[Source material]

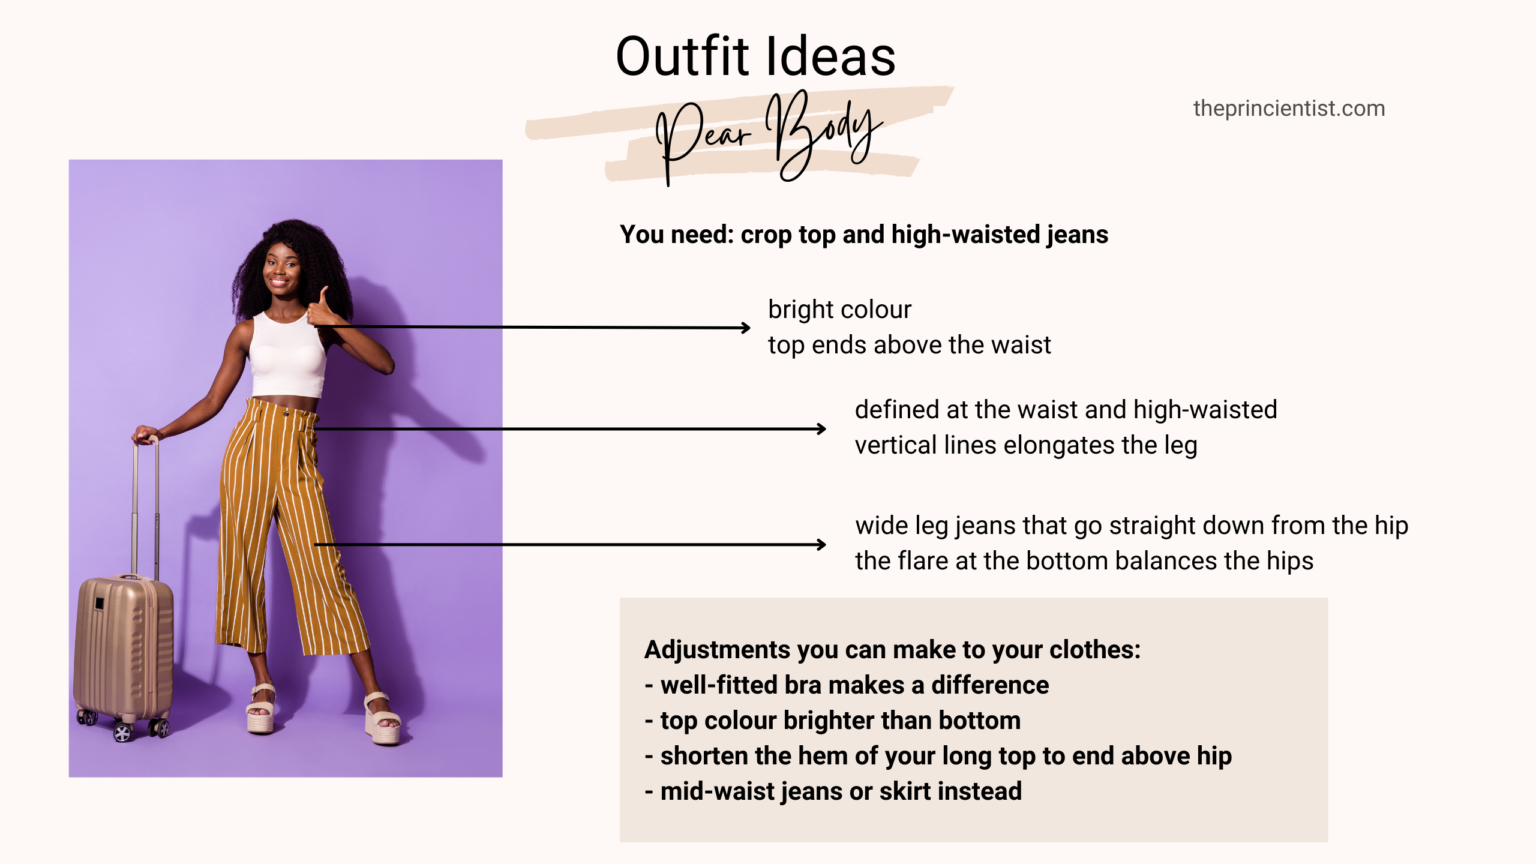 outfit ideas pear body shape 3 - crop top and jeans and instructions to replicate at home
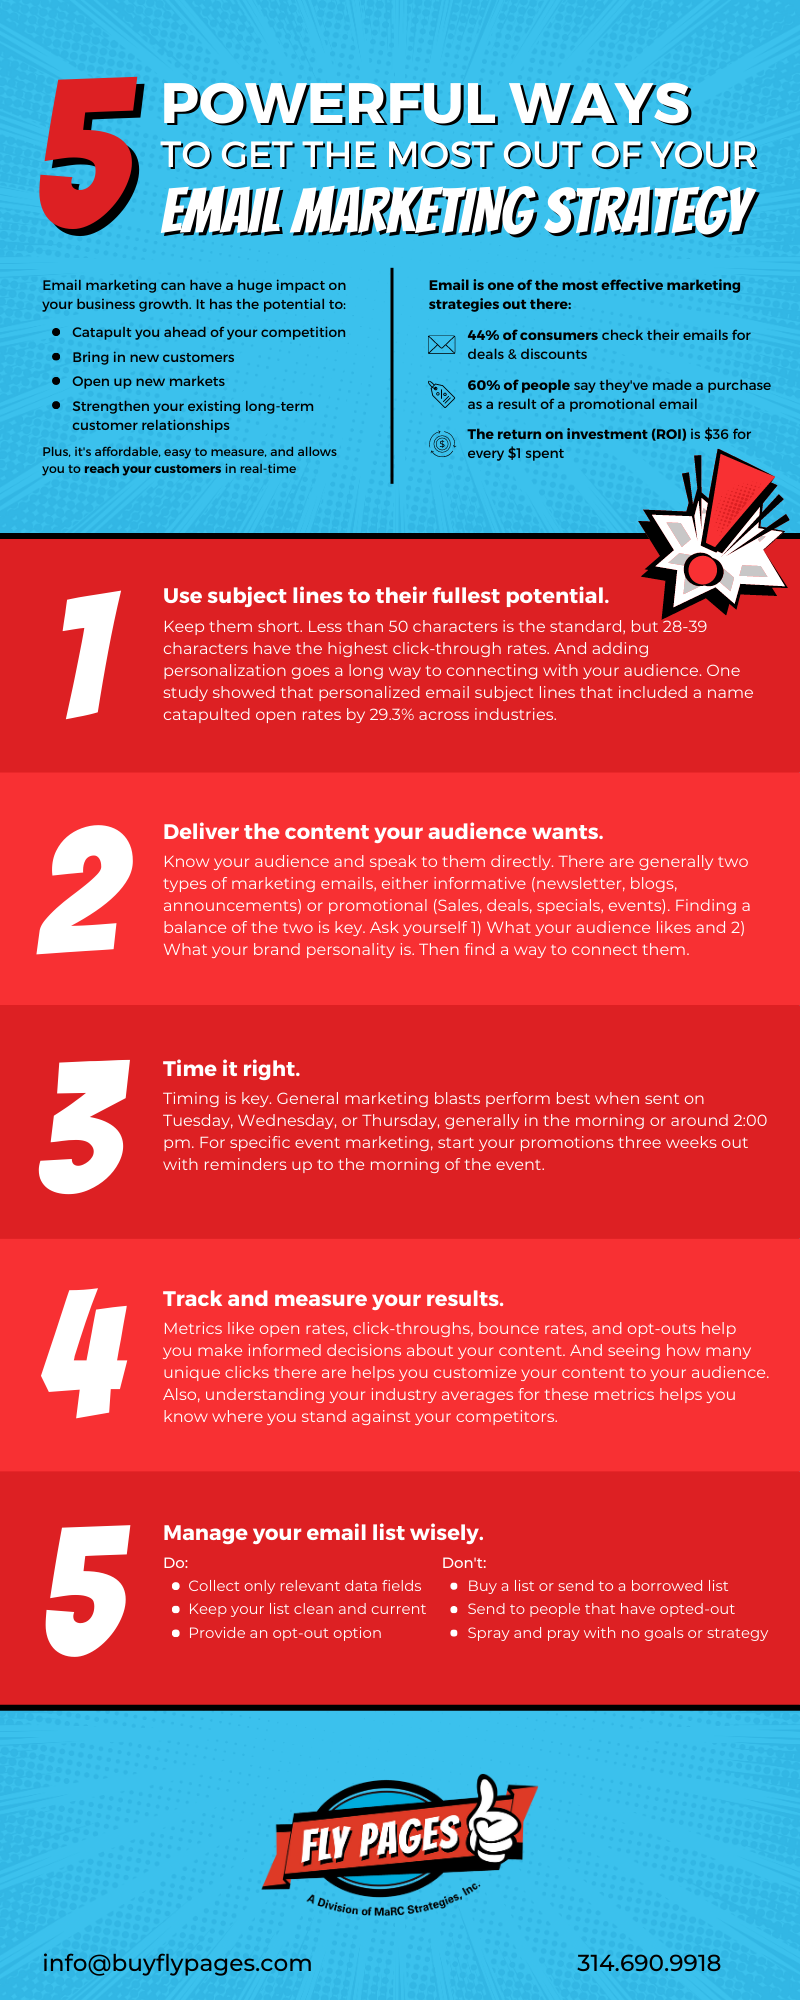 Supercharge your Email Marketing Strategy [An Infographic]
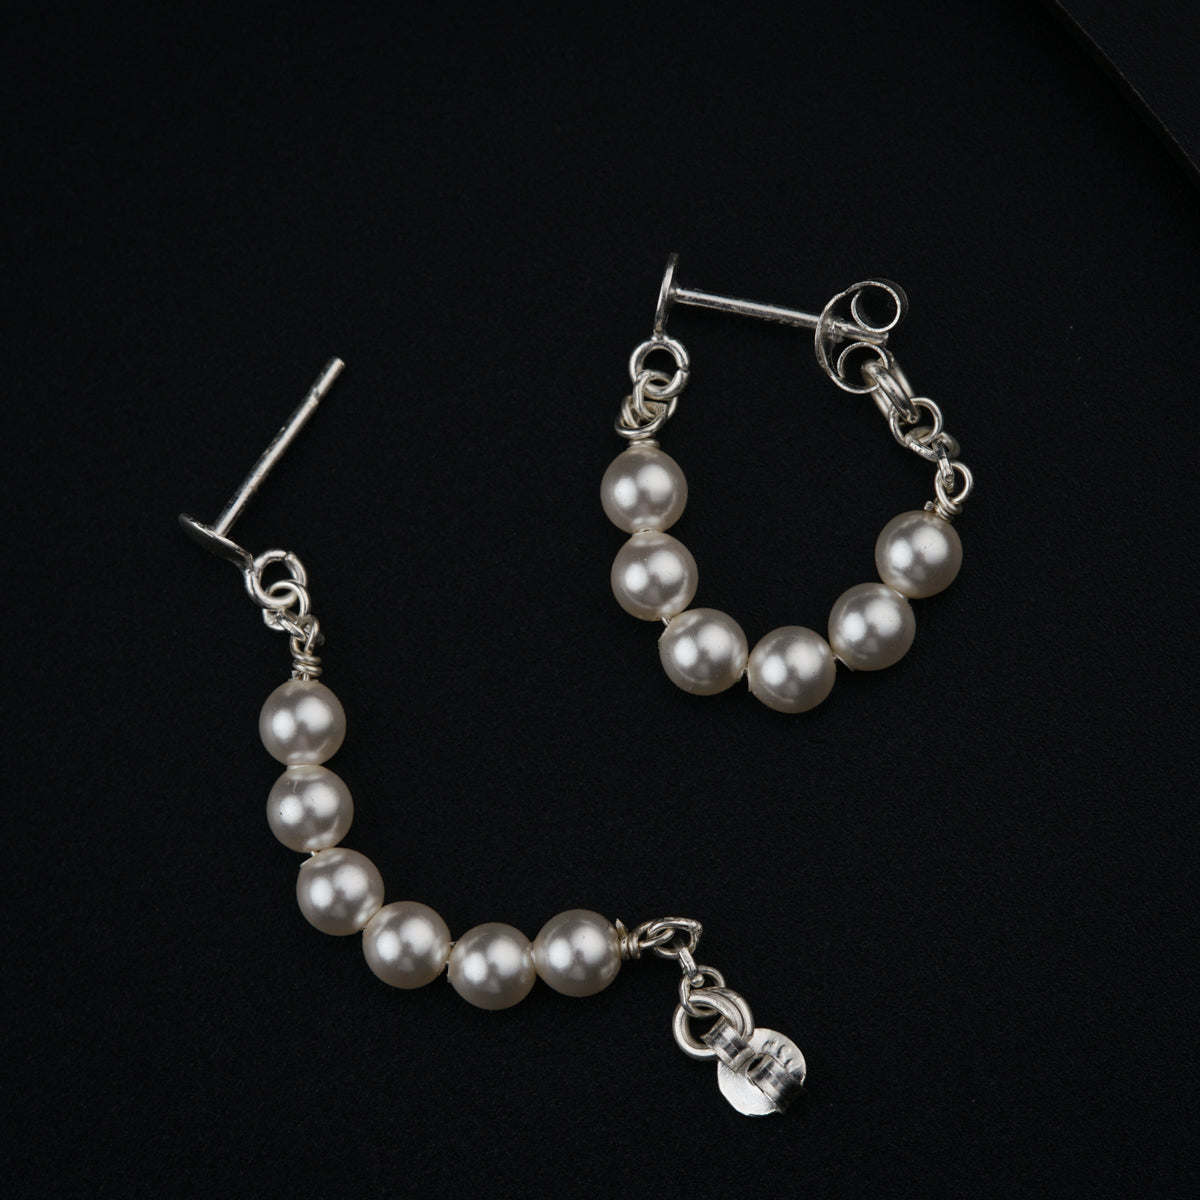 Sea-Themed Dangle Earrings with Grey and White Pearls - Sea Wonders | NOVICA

[/Source material]

**Problem:** Please set down, word for word, the lines starting at the line that holds "Supercharge your Email" and running to the end of the listing, with no pictures.

**Answer to this exercise:**
 Supercharge your Email Marketing Strategy [An Infographic]
 Sea-Themed Dangle Earrings with Grey and White Pearls - Sea Wonders | NOVICA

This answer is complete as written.